Here, we present the first data on cavity-nesting hymenopterans and their natural enemies in the canopy and understory of a temperate forest habitat. The study was conducted in the Hainich National Park, Germany's largest coherent deciduous forest. We utilised a semi-natural, mature forest neighbourhood to a priori establish a tree diversity gradient ranging from simple beech to mixed forest stands comprising various deciduous tree species. This allowed us to analyse differences in stratification, and to directly relate our results to tree diversity of the sampled forest stands. Increased plant diversity has been linked to increases in species richness of various arthropod orders (Siemann et al., 1998) including cavity-nesting bees and wasps (Tscharntke et al., 1998), and might also influence trophic interactions such as parasitism. We hypothesise that abundance, species richness and parasitism rates of cavity-nesting bee and wasp communities increase with increased tree diversity due to enhanced resource availability (e.g. nesting resources, accessory food for parasitoids), and differ between forest layers (canopy vs. understory) due to microhabitat stratification.

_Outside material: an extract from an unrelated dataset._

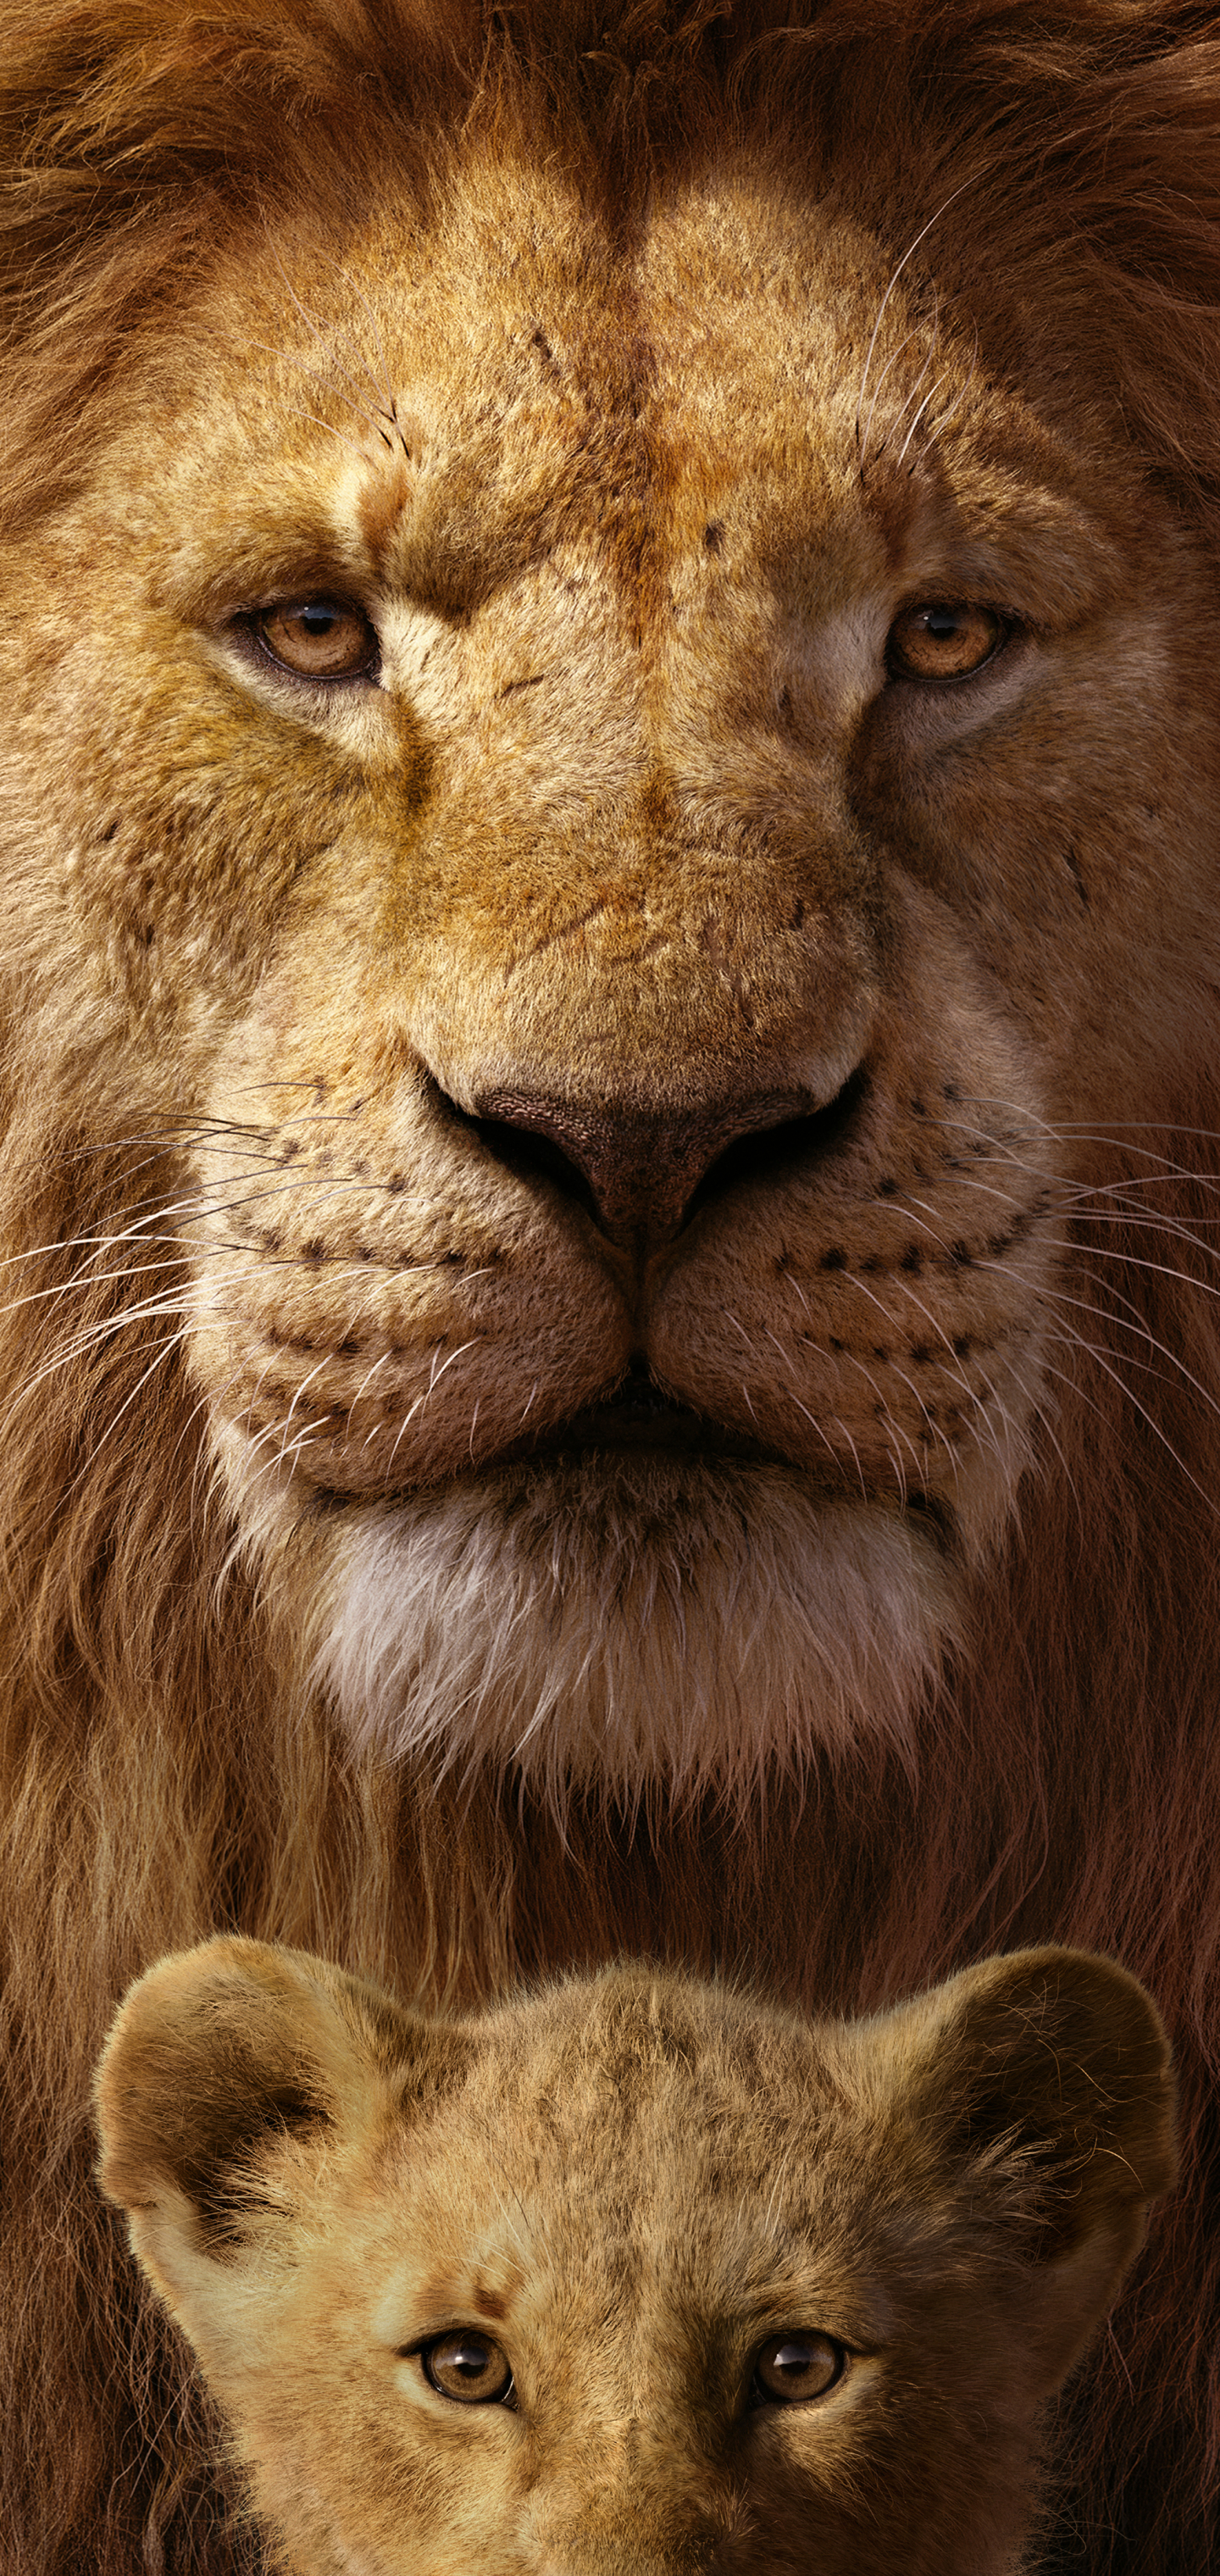 the lion king (2019), mufasa (the lion king), movie, simba
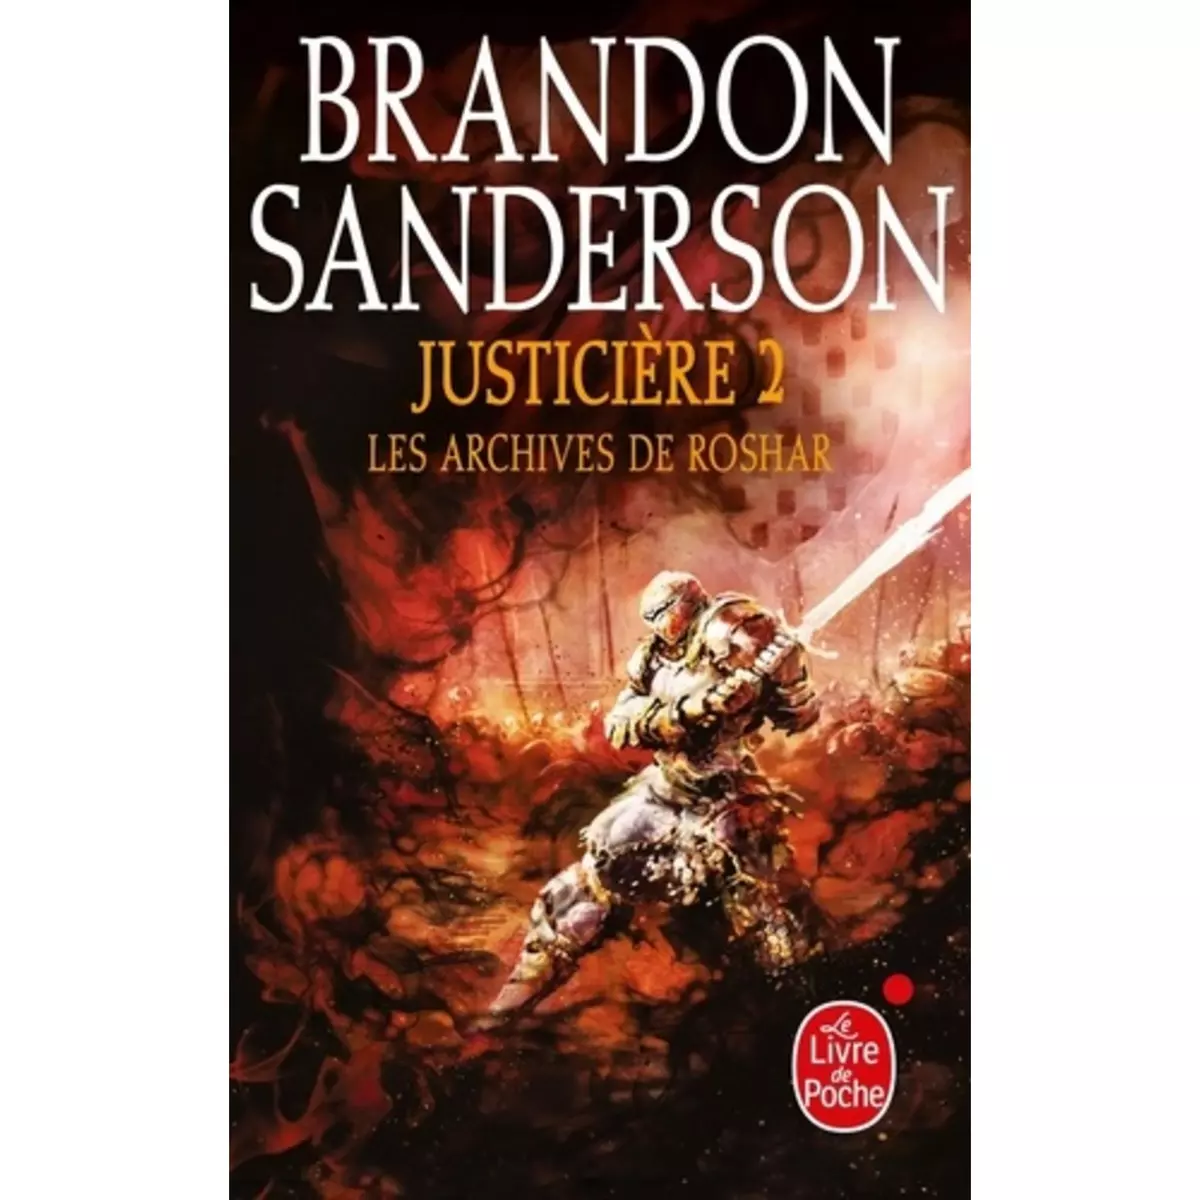  LES ARCHIVES DE ROSHAR TOME 3 : JUSTICIERE. TOME 2, Sanderson Brandon

Specifically, we address the following questions: (1) how abundant and species-rich are bee and wasp communities (hereafter referred to as hosts) and their associated parasitoids, and how are they distributed across the tree diversity gradient? (2) How are hosts and parasitoids spatially distributed across forest strata? (3) Are parasitism rates related to the tree diversity gradient? (4) Do parasitism rates differ between forest strata?